За окном в смене красок умирал день. Пока Марк занимался с Иголиным, Бергер очень внимательно слушал и наблюдал. От его внимания не укрылось, что Суров поддался мгновенной жалости, когда Иголин вцепился в его ногу. Эта жалость поразила Бергера. Люди, подобные Сурову, не могут рассчитывать на жалость к себе. Им нет выхода. Они это знают. В немецких штабах слова Черная кошка вызывают представление о жестокости, беспощадности, а тут хоть мгновенная, но всё же такая человеческая жалость к предателю. Или Бергер всё еще недостаточно знает русских и не разбирается в странной смене их чувств? Когда Бергер отвечал Марку, его голос вовсе не выражал того, о чем он только что думал.

«Нет, я не рассчитывал встретить вас ни здесь, ни в другом месте», — сказал он, и Марк понял, о каком другом месте он говорит. Если бы Марка поймали, то Бергеру может быть пришлось бы переводить при допросах.

«Вы помните нашу встречу в штабе?» — спросил Марк. — «Это было время, когда мы еще верили, что нам удастся с вами договориться. Время иллюзий. Но оно скоро прошло».

«Я знаю, господин Суров», — прямо и открыто глядя на Марка, сказал Бергер. — «Мы много зла принесли вам… и себе.
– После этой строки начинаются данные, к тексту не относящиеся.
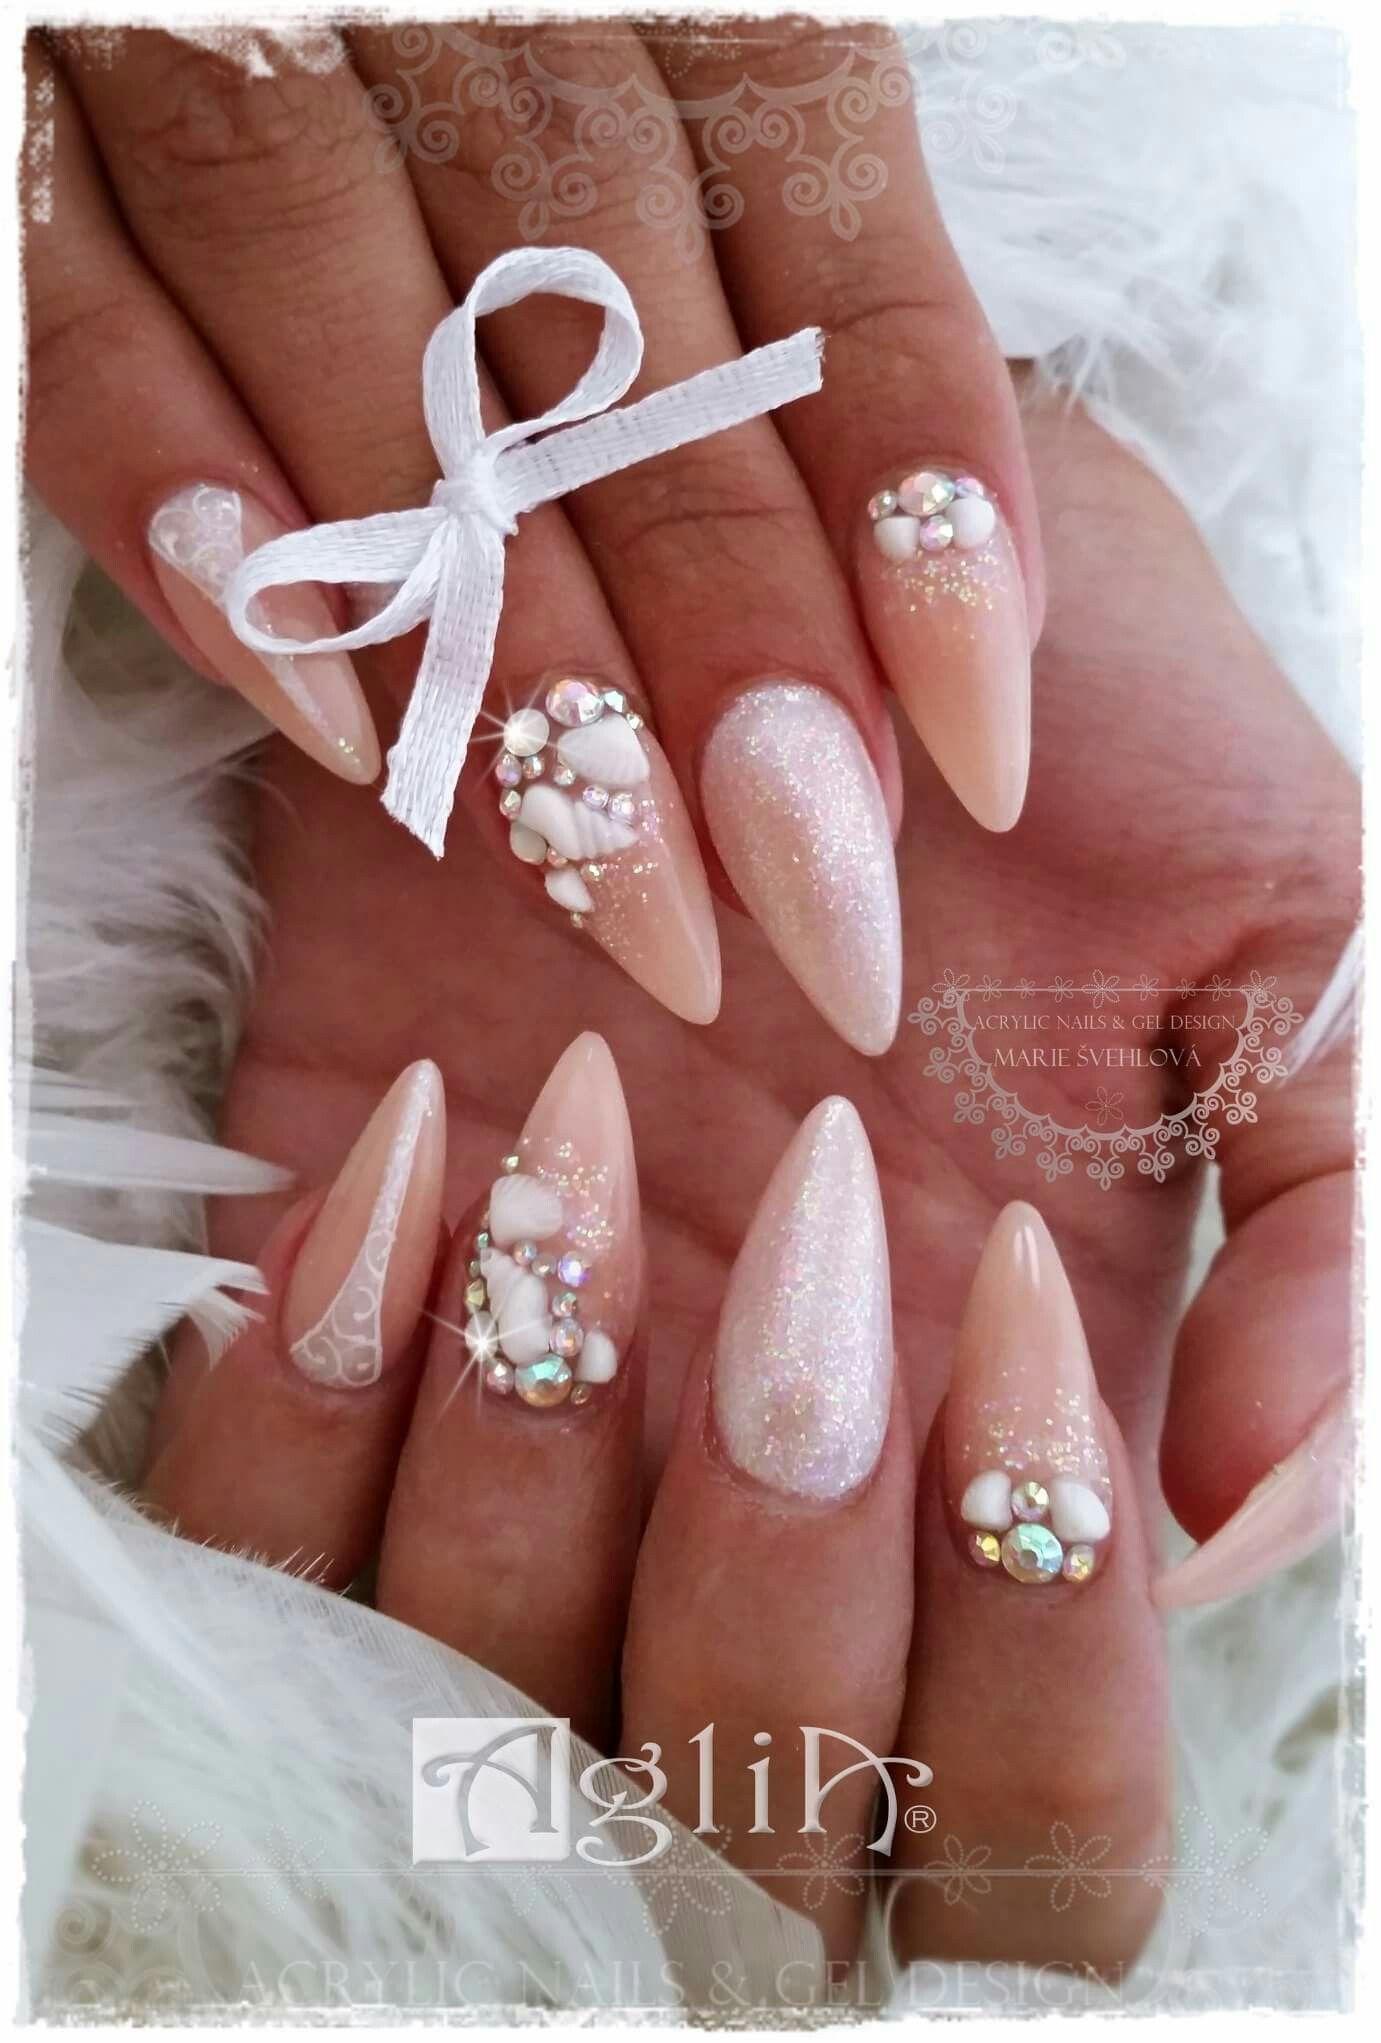 Acrylic Nails Gel Design Shell Nails Wedding Nails

Бога ради, не подумайте, что я по каким-нибудь соображениям говорю сейчас неодобрительно о германских властях. Какой смысл осуждать, когда всё равно ничего исправить и изменить нельзя. Среди немцев много таких, которые это понимают, но… не они решают, а другие. Безумцы решают».

«Когда Бог хочет кого-нибудь наказать, он лишает его разума», — сказал Марк. — «Мудрая поговорка».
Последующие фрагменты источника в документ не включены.